2.   Definitions. As used herein, the terms set forth below shall have the following respective meanings:
  (a)   “Board” means the Board of Directors of the Company.
 
  (b)   “Business Criteria” means the business criteria listed in Section 6 of this Plan.
 
  (c)   “Code” means the Internal Revenue Code of 1986, as amended from time to time.
 
  (d)   “Committee” means the Committee appointed by the Board to administer the Plan. The Committee shall be constituted at all times so as to meet the outside director requirements of Section 162(m) of the Code.
 
  (e)   “Company” means Polaris Industries Inc., a Minnesota corporation and its successors and assigns.
 
  (f)   “Effective Date” means January 1, 2004.
 
  (g)   “Eligible Senior Executive” means any senior executive employee of the Company designated by the Committee as an Eligible Senior Executive.
 
  (h)   “Incentive Compensation Award” means an incentive compensation award payable under this Plan.
 
  (i)   “Incentive Compensation Award Period” means, with respect to an Incentive Compensation Award, as determined by the Committee, the calendar year beginning on or after the Effective Date with respect to which such Incentive Compensation Award is to be determined. It is expressly intended that any particular calendar year may be included in the Incentive Compensation Award Period of multiple Incentive Compensation Awards.

 


 

  (j)   “Participant” means, with respect to an Incentive Compensation Award Period, the Eligible Senior Executives selected by the Committee to be eligible to receive an Incentive Compensation Award for such Incentive Compensation Award Period as provided in Section 5 of this Plan.
 
  (k)   “Performance Objective” means the performance objective or objectives established pursuant to Section 5 of the Plan.
 
  (l)   “Plan” means the Polaris Industries Inc. Senior Executive Annual Incentive Compensation Plan, as it may be amended from time to time.

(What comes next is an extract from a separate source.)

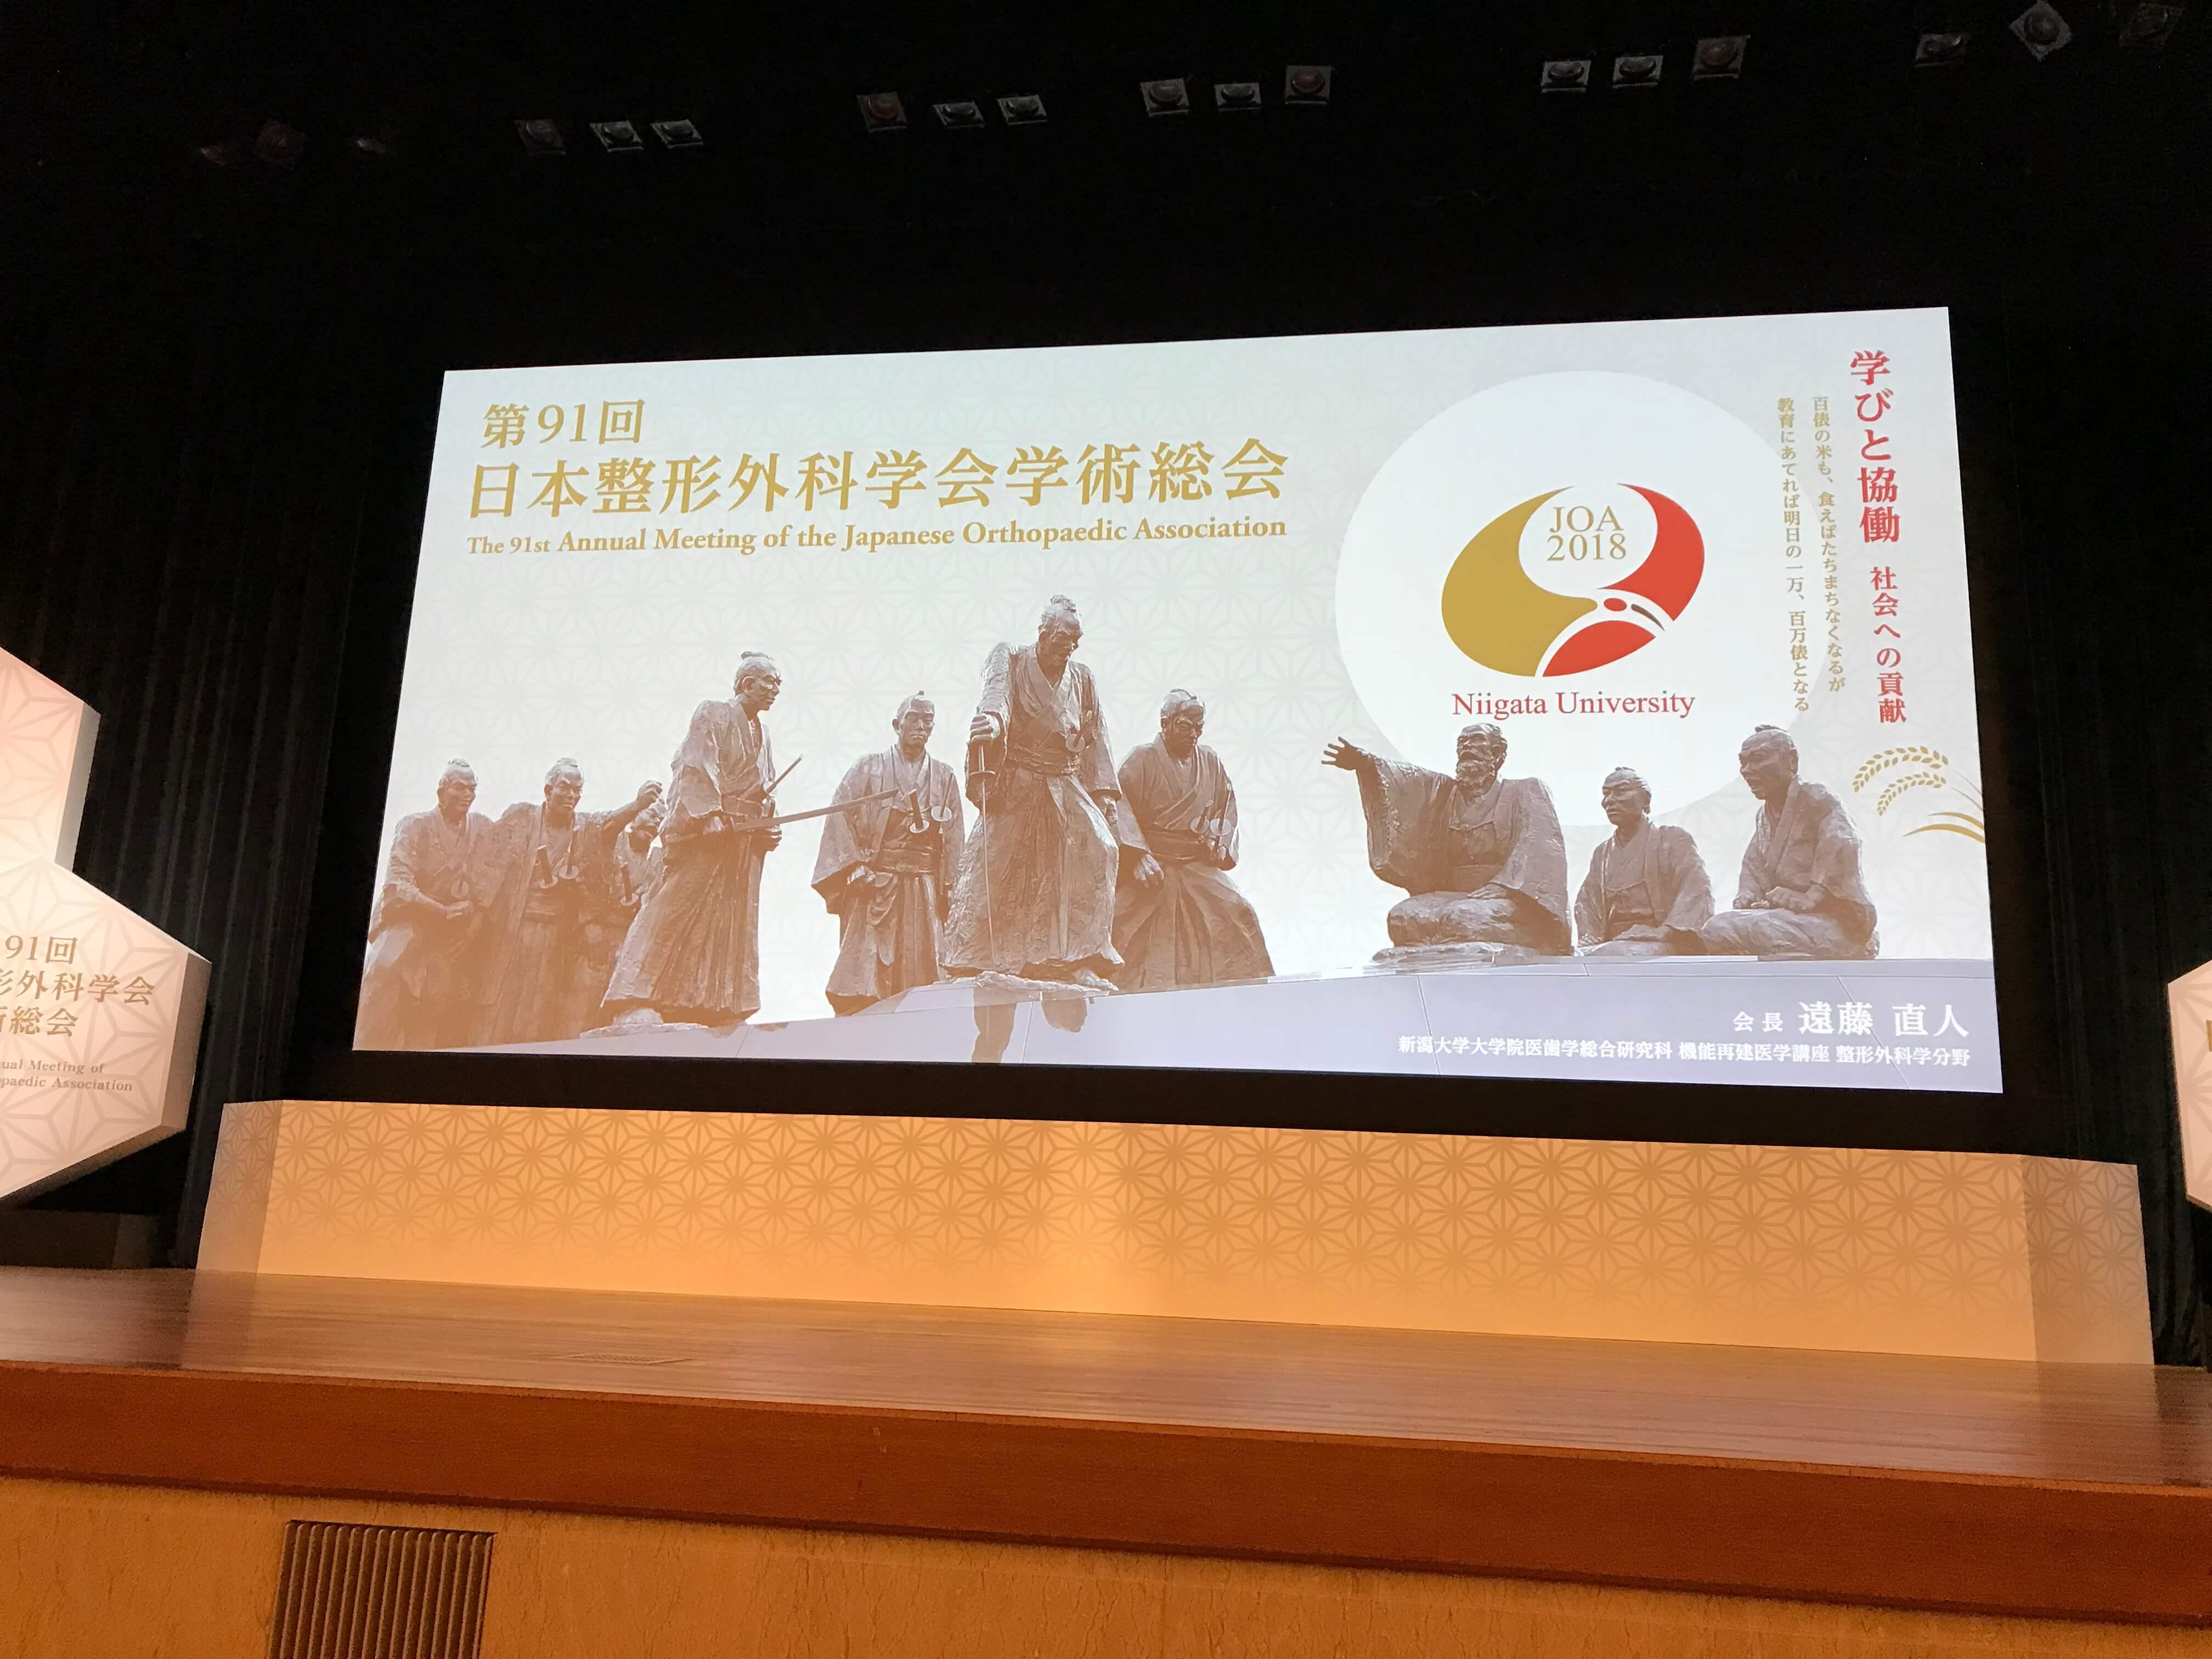 日本整形外科学会学術総会2018

3.   Administration. The Committee shall interpret the Plan, prescribe, amend, and rescind rules relating to it, select eligible Participants, and take all other actions necessary for its administration, which actions shall be final and binding upon all Participants. To the extent permitted by law, all members of the Board of Directors, including the members of the Committee, shall be indemnified and held harmless by the Company with respect to any loss, cost, liability or expense that may be reasonably incurred in connection with any claim, action, suit or proceeding which arises by reason of any act or omission under the Plan so long as such act or omission is taken in good faith and within the scope of the authority delegated herein.
4.   Compliance with Sections 162(m) and 409A. The Plan shall be administered to comply with Sections 162(m) and 409A of the Code and regulations promulgated thereunder, and if any Plan provision is found not to be in compliance with Sections 162(m) or 409A of the Code, the provision shall be deemed modified as necessary to meet the requirements of Sections 162(m) and 409A of the Code.

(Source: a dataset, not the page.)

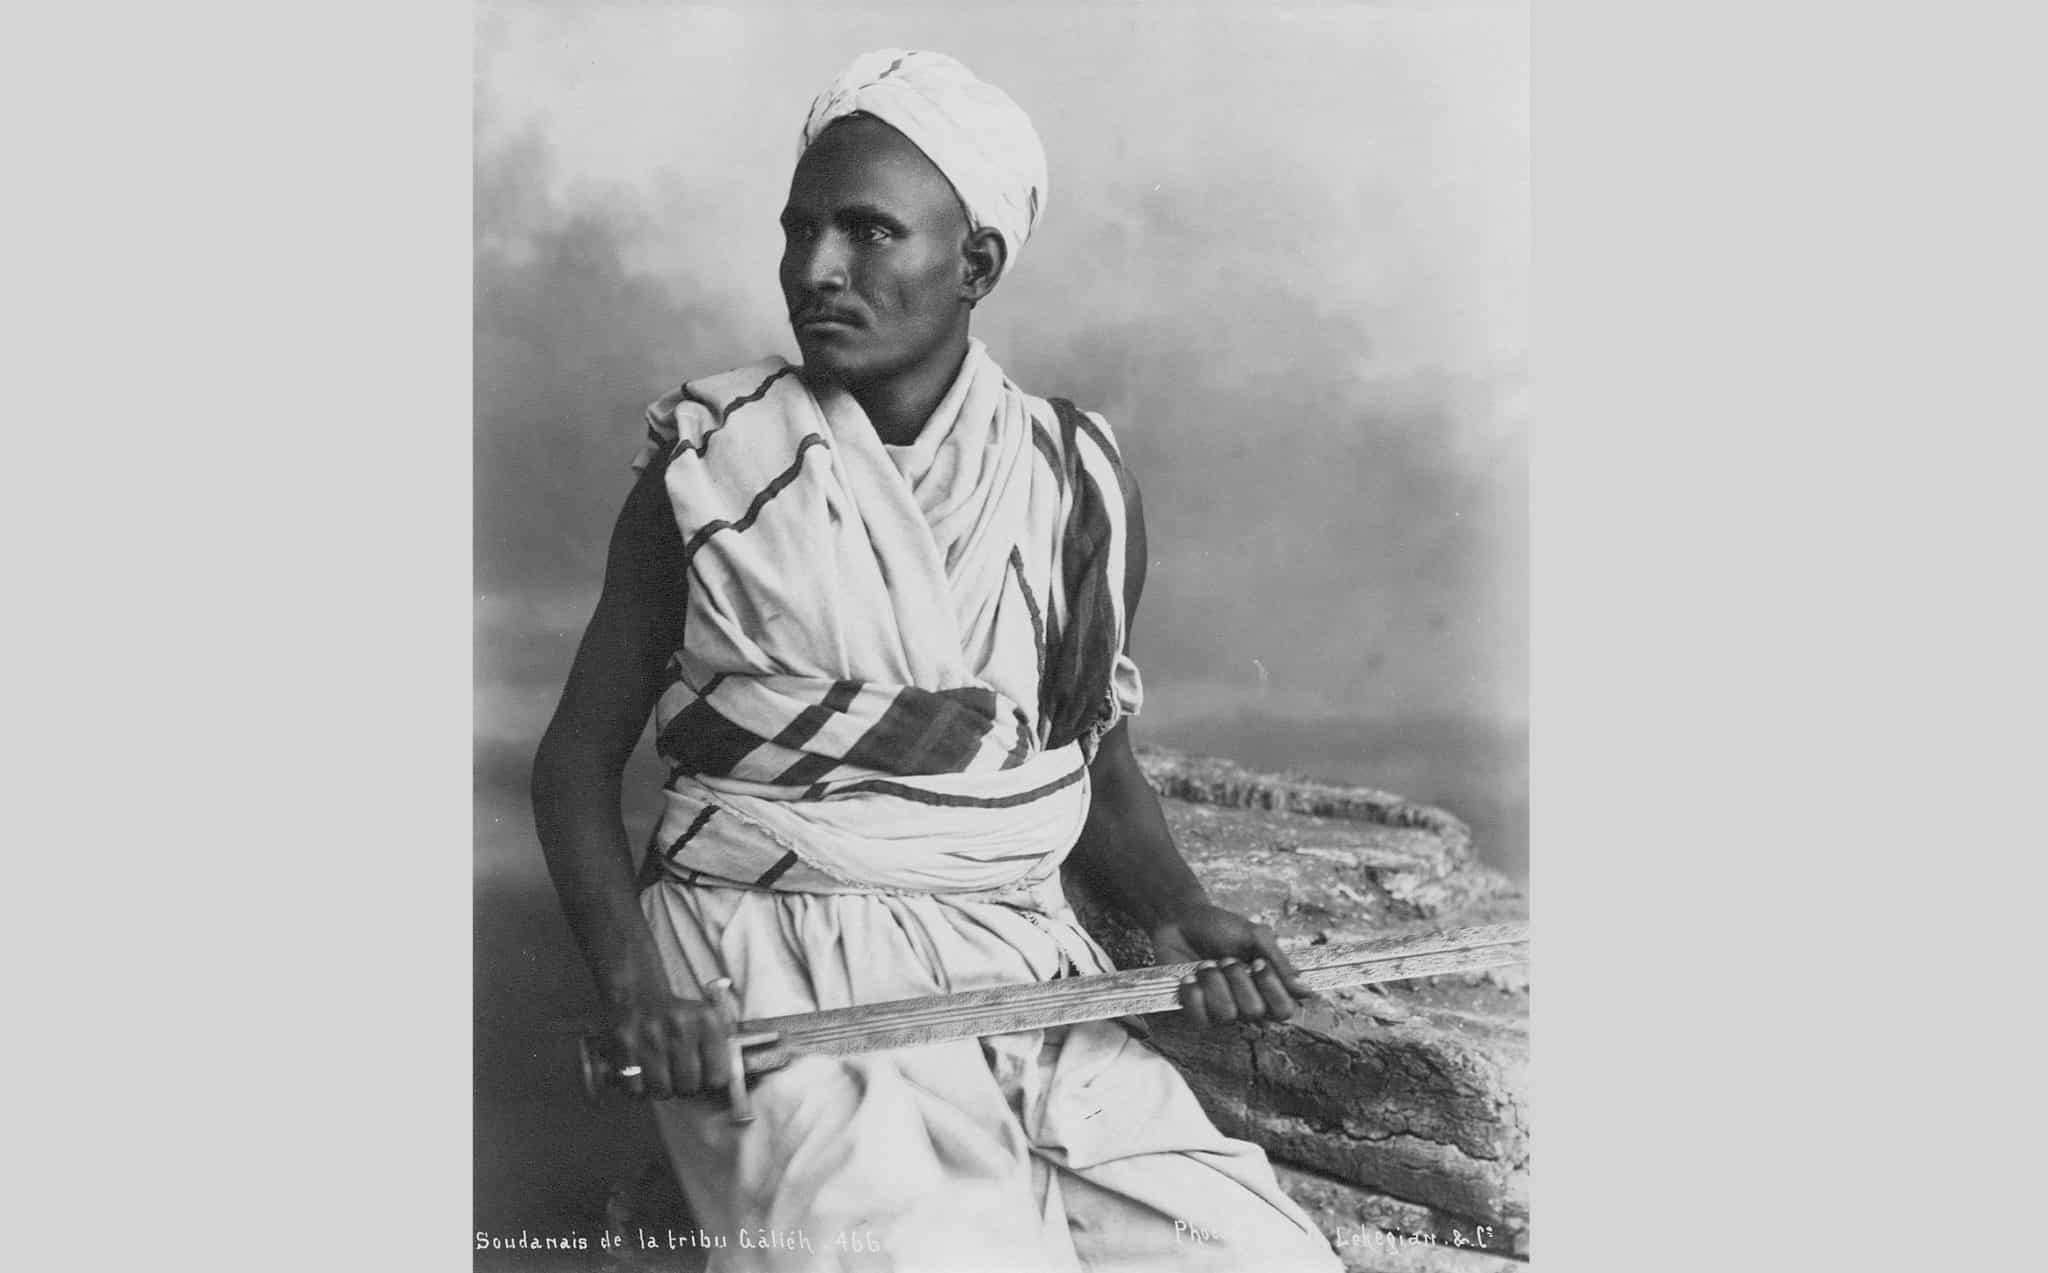 Sudanais_de_la_tribu_Galieh.

5.   Selection of Participants and Performance Objective. Prior to the commencement of each Incentive Compensation Award Period, or at such later time as permitted by Section 162(m) of the Code and regulations thereunder, the Committee shall determine in writing (i) the Participants who shall be eligible to receive an Incentive Compensation Award for such Incentive Compensation Award Period, (ii) the Performance Objective, which shall consist of any one or more of the Business Criteria, and (iii) the formula for computing the amount of the Incentive Compensation Award payable to each Participant if the Performance Objective is achieved, which formula shall comply with the requirements applicable to performance-based compensation plans under Section 162(m) of the Code. The amount of an Incentive Compensation Award may be denominated in cash and/or in shares of the Company’s common stock, provided that all amounts paid under the Plan shall be in cash.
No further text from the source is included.